* Dataset extract

+ + +

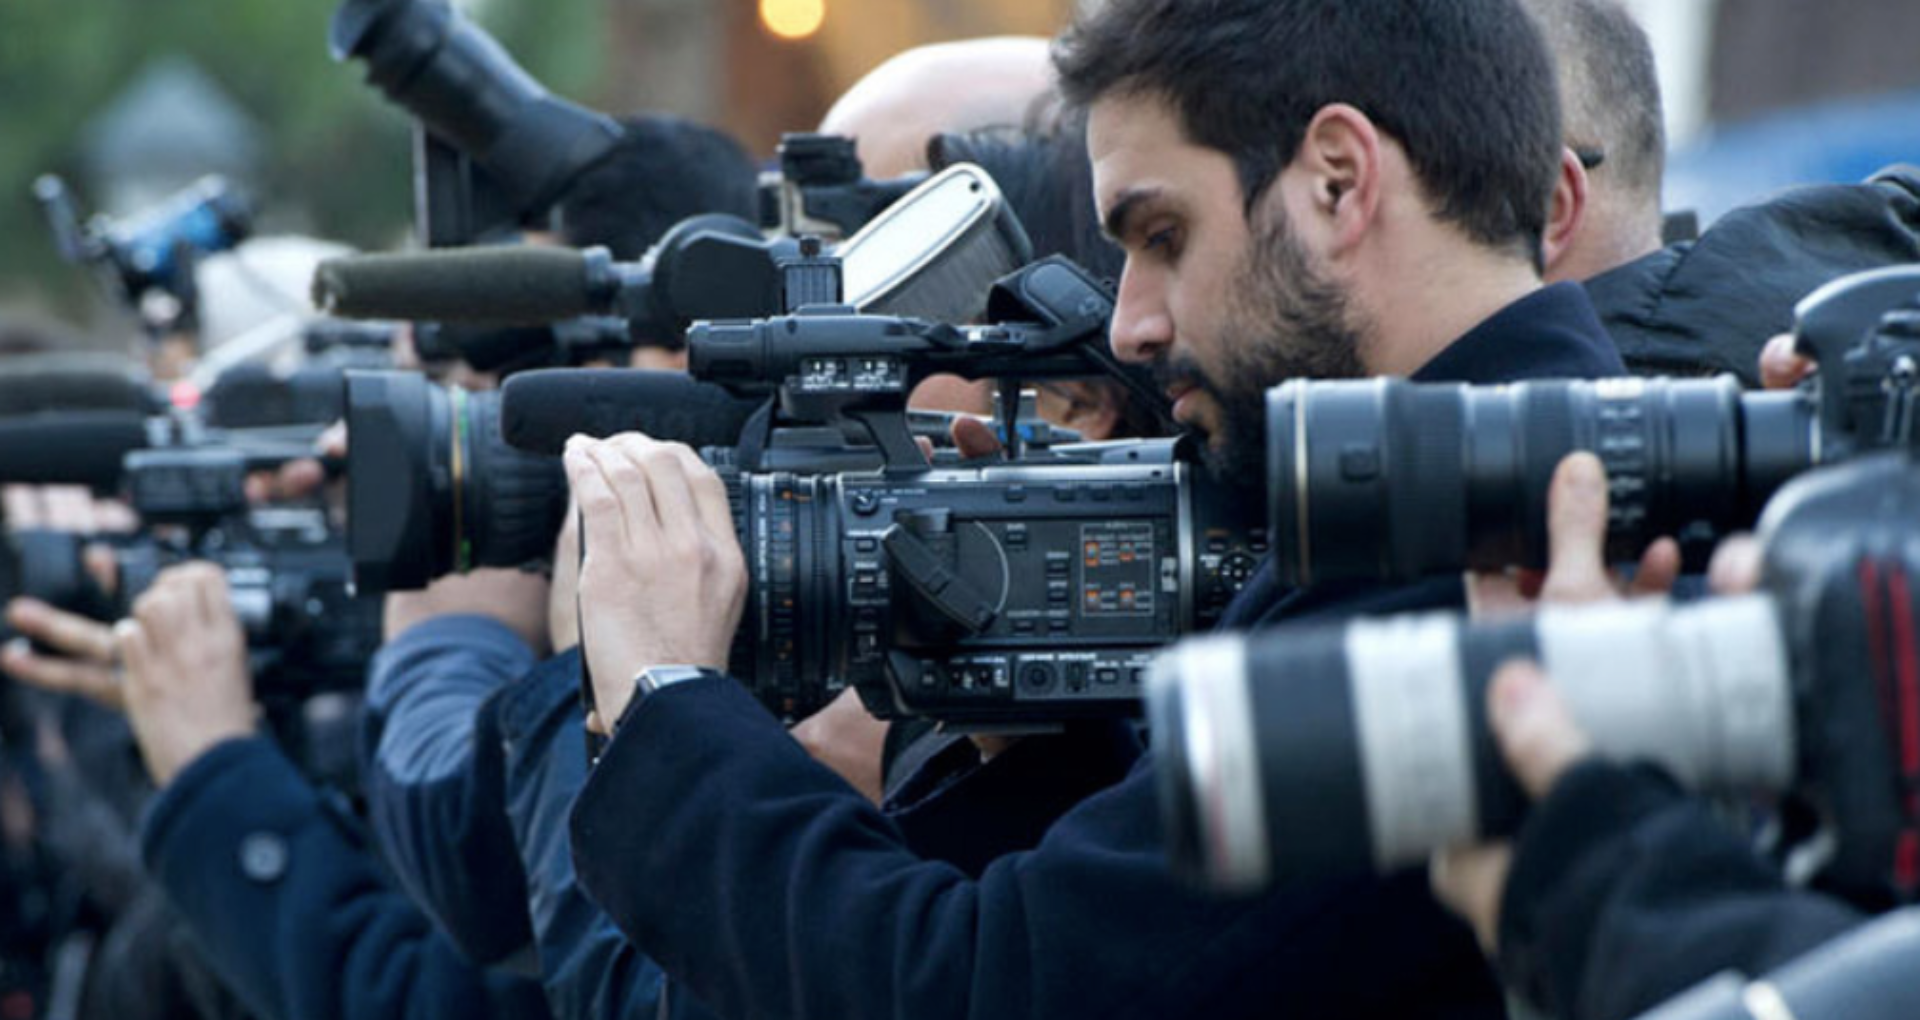 UNESCO Reports an Increase of Attacks on Journalists Worldwide
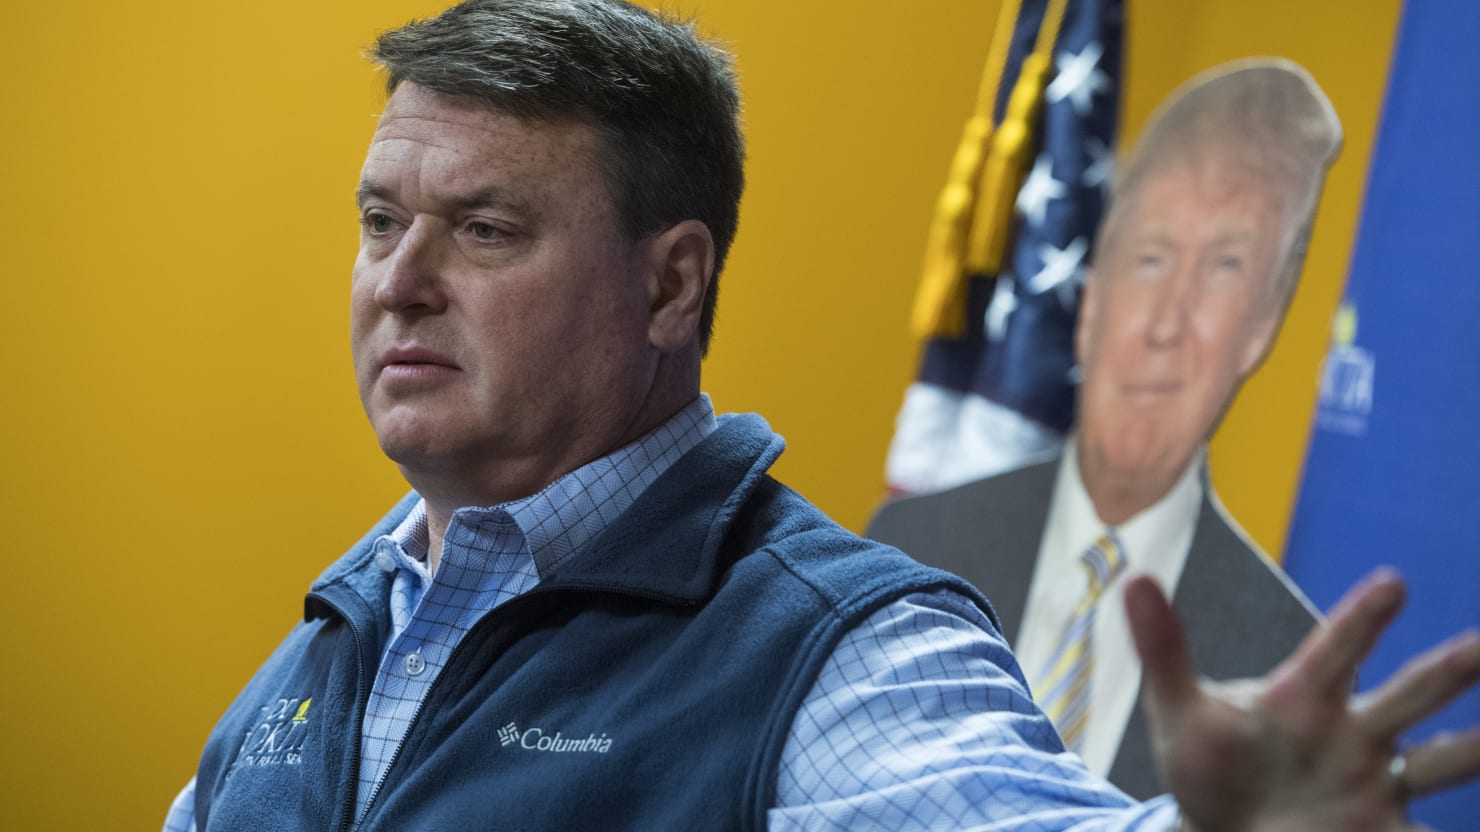 Indiana AG Todd Rokita Escalates War on Caitlin Bernard Doctor Who Performed 10-Year-Old Girl’s Abortion – The Daily Beast
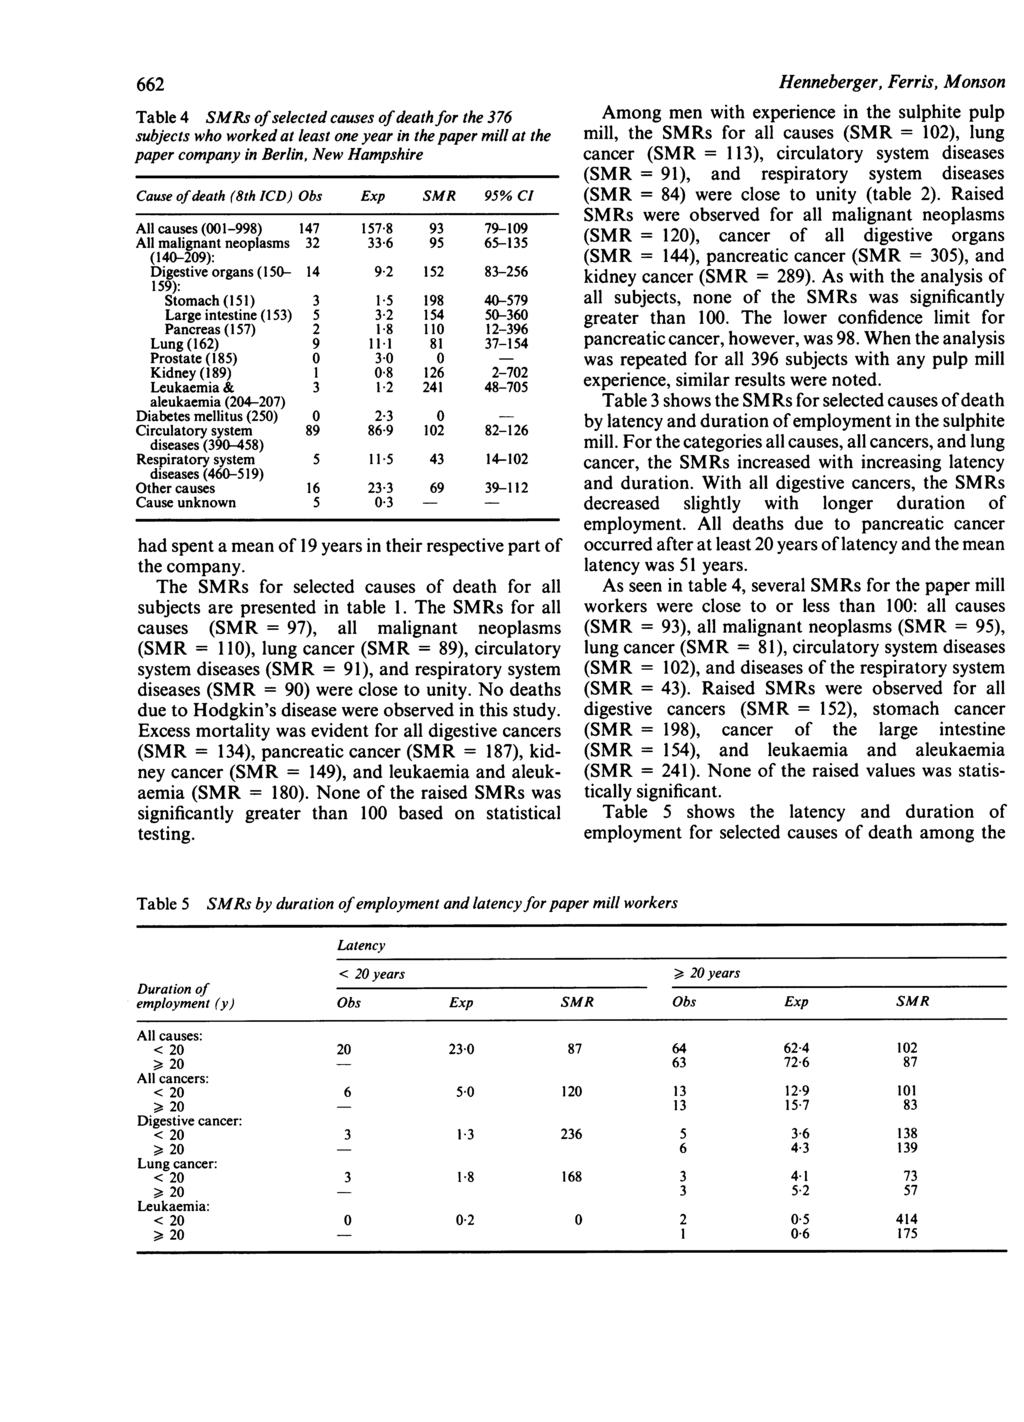 662 Table 4 SMRs ofselected causes ofdeath for the 376 subjects who worked at least one year in the paper mill at the paper company in Berlin, New Hampshire Cause ofdeath (8th ICD) Obs Exp SMR 95% CI

+ + +

* Task to carry out
The output must start at the line holding "Indiana AG Todd", end at the last line of the listing above, and show each line exactly; please omit all pictures.

* Answer for the task
 Indiana AG Todd Rokita Escalates War on Caitlin Bernard Doctor Who Performed 10-Year-Old Girl’s Abortion – The Daily Beast
 662 Table 4 SMRs ofselected causes ofdeath for the 376 subjects who worked at least one year in the paper mill at the paper company in Berlin, New Hampshire Cause ofdeath (8th ICD) Obs Exp SMR 95% CI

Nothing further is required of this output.